Hepatocellular carcinoma (HCC), a type of liver cancer often caused by liver disease related to viral infections or metabolic disease, is a leading cause of cancer deaths globally. Treating HCC with immunotherapy and targeted therapies shows promise, but liver damage can make these treatments challenging to administer and less effective. Dr. Keenan’s preliminary data suggest that certain immune cells, known as myeloid cells, become suppressive in patients with HCC and worsen liver function. However, it is possible that the correct combinations of immunotherapy treatments could partially reverse this myeloid cell suppression and result in better outcomes for patients with HCC. Dr. Keenan will focus on understanding exactly how liver disease affects the immune system and finding ways to counteract the suppressive effects of myeloid cells. By studying blood samples and liver tissues from patients with HCC undergoing immunotherapy treatment, she aims to identify the best combinations to enhance the immune system’s ability to fight liver cancer. This research could lead to new, more effective treatments for patients with liver cancer, potentially improving survival rates and quality of life.

Ammonia, a waste product of cellular activity, is cleared from the body by the liver and kidneys through a process known as the urea cycle. During the urea cycle, ammonia is converted to urea, and arginine (an amino acid) is generated. When liver cells become cancerous, the urea cycle pathway stops functioning and cancer cells must import arginine from outside the cell. When cancer cells are prevented from importing arginine (via removal of arginine from the diet or genetic removal of the transporter), tumors do not grow, suggesting that arginine is critical for cells. However, the function of arginine in the cell is unclear. Using mass spectrometry and mathematical modeling, Dr. Lesner will identify the fate of arginine as it is metabolized by liver cancer cells in mouse models, and investigate how this is altered by various genetic mutations. Additionally, he will examine how restricting arginine from the diet genetically alters the liver and tumor cells. By understanding how disruption of this metabolic pathway influences liver cancer growth in the context of specific cancer drivers, Dr. Lesner aims to inform new therapeutic strategies. Dr. Lesner received his PhD from The University of Texas Southwestern Medical Center, Dallas and his BA from the University of Wooster, Wooster, Ohio.

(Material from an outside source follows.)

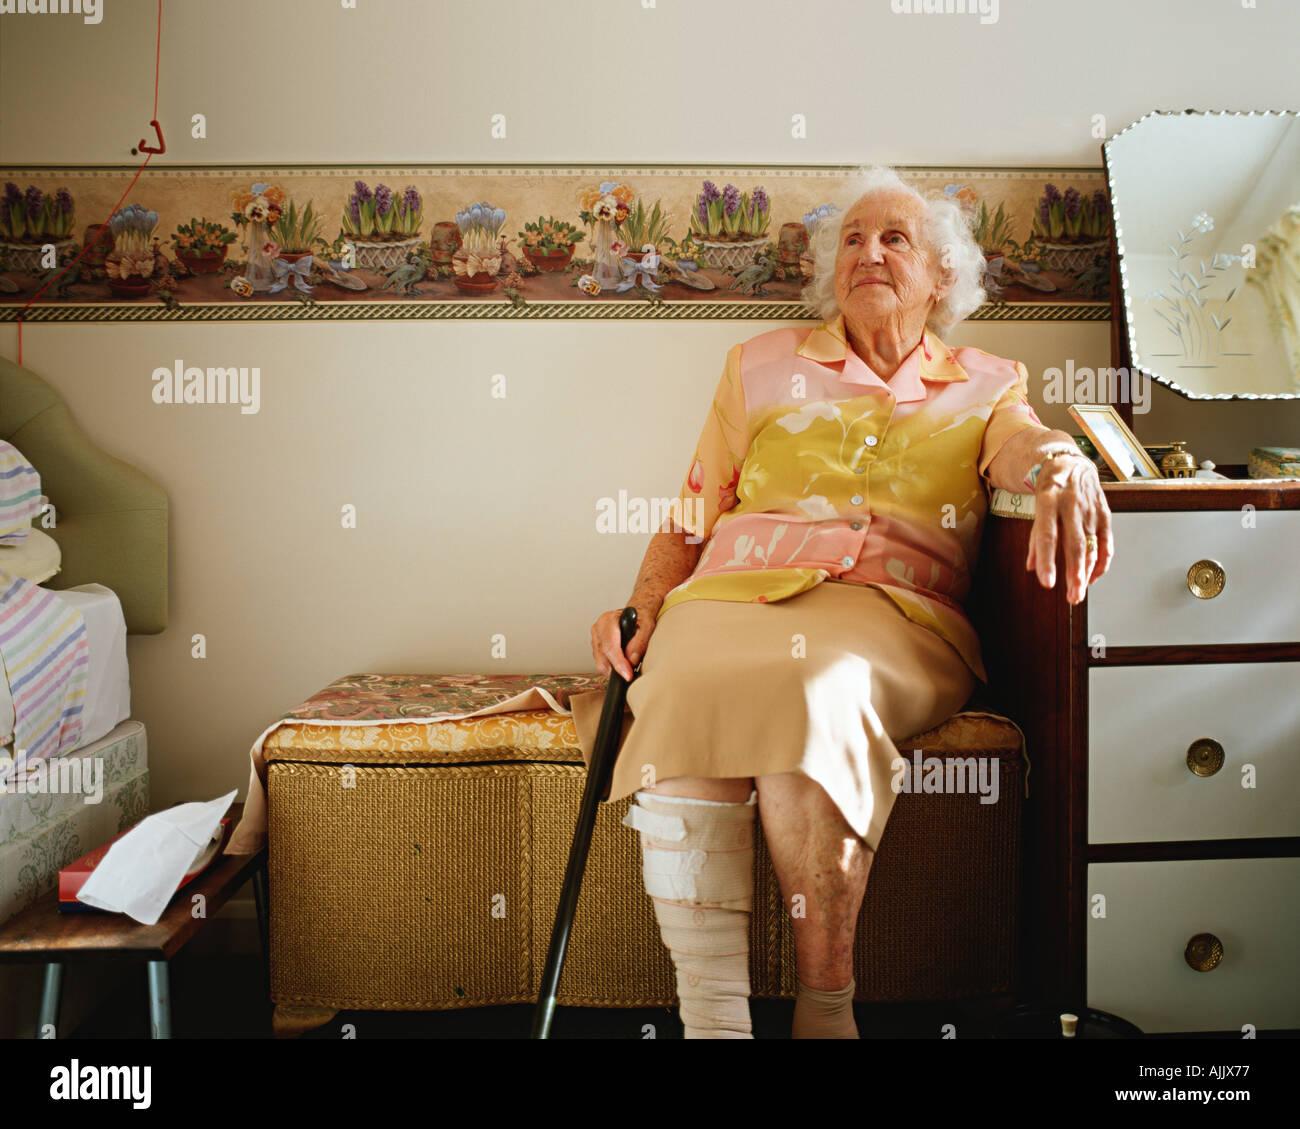 Elderly woman in her room Stock Photo

Dr. Li’s research aims to uncover a missing link between repeated DNA sequences, genomic instability, and viruses. While abnormal expansion of “repeats” has been found at unstable genomic regions, known as fragile sites, that are implicated in cancer growth, the mechanisms and consequences of this genomic instability remain poorly understood. Dr. Li recently discovered a cluster of Epstein Barr Virus (EBV)-like repeat sequences in the genome that breaks when bound by abnormally high levels of EBV antigens. These findings illustrate how a chromosome can be broken in long-term EBV infection, which can threaten genome stability and trigger cancer development. Dr. Li aims to leverage this discovery to advance our understanding of how broken repeats threaten genome integrity for clinical screening of individuals susceptible to EBV-associated diseases, and for the prevention and treatment of disease in these individuals. This research could also lead to the discovery of other virus-like repeats and the potential biological function of these virus-like repeats in our genome.